François Guérif : "Le polar n'est plus une contre-culture"

Il suffit de se reporter à La moisson rouge de Dashiell Hammett, aux livres de Manchette, Vautrin, ou aujourd'hui Dominique Manotti ou Jean-Hugues Oppel.

Quais du polar élargit au maximum le champ du polar : on y retrouve des figures du roman noir et du polar, des hommages aux grand maîtres, mais aussi des auteurs de thriller populaire comme Jean-Christophe Grangé ou Douglas Kennedy, ce mélange est-il salutaire pour le polar ?
L'ouverture et mélange des genres a toujours existé. Comme l'écrivait Alain Corneau : "L'influence du polar, c'est un poison qui s'infiltre partout ... Peu importe qu'on veuille me le fourguer à la sauce SF ou fantastique-épouvante, au goût du jour, je ne dis jamais non".

Le thriller a souvent été pour les spécialistes le parent pauvre des littératures policières, il est pourtant clairement plébiscité par le public au travers d'auteurs comme Grangé ou d'autres. Comment expliquer cela ?
Le dictionnaire anglais/français Harrap's indique que le mot "thriller" désigne un roman à sensations et qu'il tire son original du verbe "to thrill" : faire frissonner, faire frémir. Comme l'écrivait Jean-Pierre Deloux dans le numéro de Polar (nème4, septembre 1991), consacré au thriller : "Si le polar peut être globalement défini comme la solution d'un mystère et la découverte d'un ou plusieurs coupables, le thriller repose, en général, sur la découverte d'un secret et la mise en échec d'un complot ou d'une conspiration menaçant la sécurité et la paix de la société ou du monde". Le thriller n'est donc pas né avec Grangé, mais avec des auteurs comme Joseph Conrad, Eric Ambler, Graham Greene, Ian Fleming. Il n'a jamais été le parent pauvre de la littérature policière. C'est une façon et une technique différente de raconter des histoires.

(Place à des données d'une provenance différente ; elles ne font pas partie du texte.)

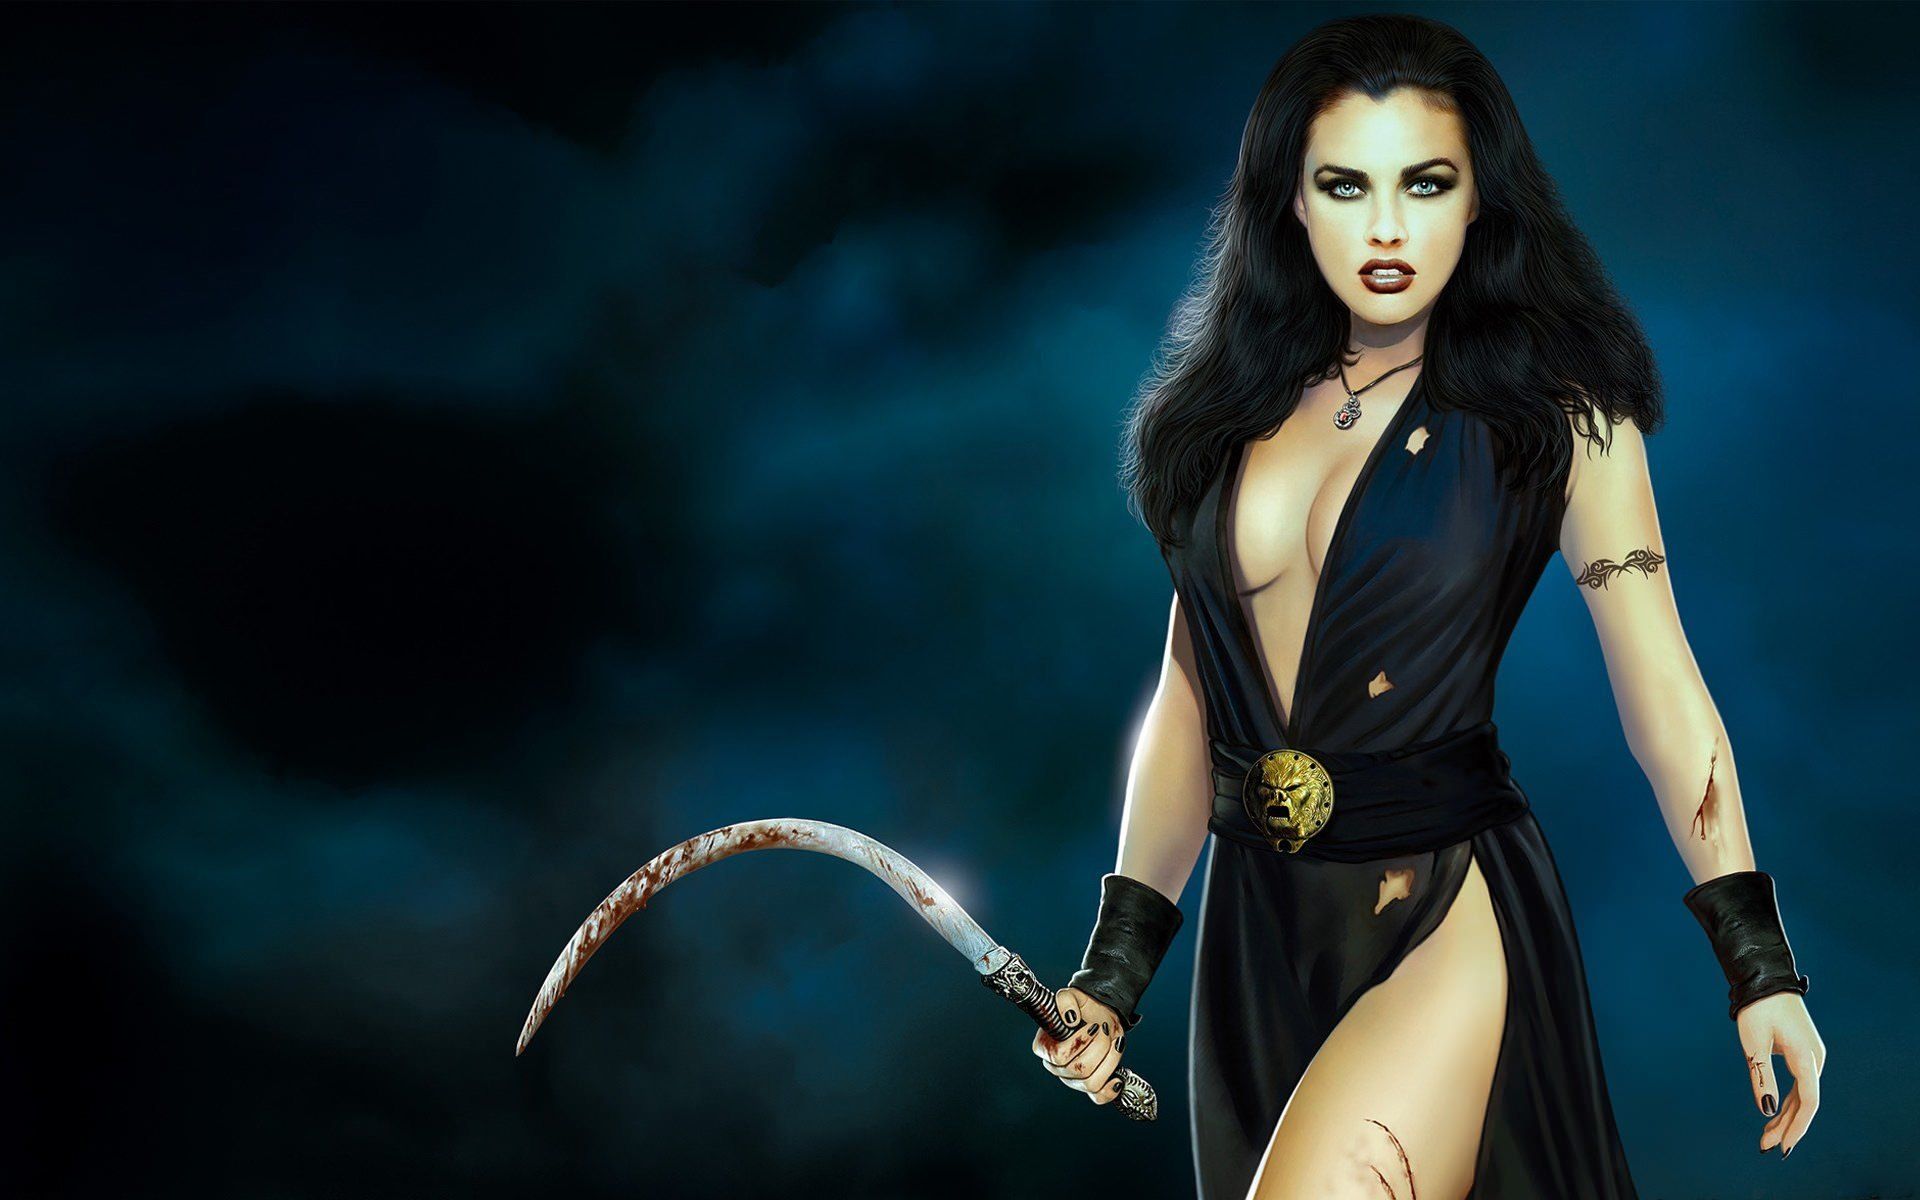 Free download Warrior Women 3D Fantasy Wallpaper Inspirational

Que pensez-vous de l'ouverture du roman noir et du polar vers la science-fiction, le fantastique, l'ésotérisme ?
Il y a longtemps que le polar s'est ouvert vers la science-fiction, le fantastique ou l'ésotérisme. Je vous renvoie à des écrivains comme Hal Clement (Le microbe détective) Isaac Asimov (Les cavernes d'acier) John Dickson Carr (La chambre ardente) ou Talbot Mundy (Les neuf inconnus) tous publiés dans les années cinquante.

Les séries télévisées policières (The Shield, les Experts...) sont de plus en plus populaires. Pensez-vous qu'elles suscitent par ricochet un engouement pour la littérature policière ?
Oui le cinéma et la littérature policière ont toujours été étroitement liés. La télévision a pris le relais. Ce qui est intéressant aujourd'hui, c'est que des grands auteurs (Dennis Lehane, George Pelecanos) travaillent sur des séries. Mais ces séries ne découlent-elles pas elles-mêmes des bouquins d'Ed Mc Bain, Georges Simenon ou Manuel Vasquez Montalban ?

Devenu divertissement familial, le polar est-il encore une contre-culture à dimension politique ?
Il y a toujours eu le roman policier de "distraction" (en général le roman d'énigme) et le roman policier social et politique (en général le roman noir). Cela continue aujourd'hui. Et si certaines séries sont pour un public familial, d'autres le sont beaucoup moins et restent "politiques" (The wire, par exemple). Mais le polar n'est plus une contre-culture. Aujourd'hui Hammett, Chandler, Simenon ou Ellroy sont entrés par la grande porte à l'Université et seuls les imbéciles peuvent encore les considérer comme des écrivains mineurs.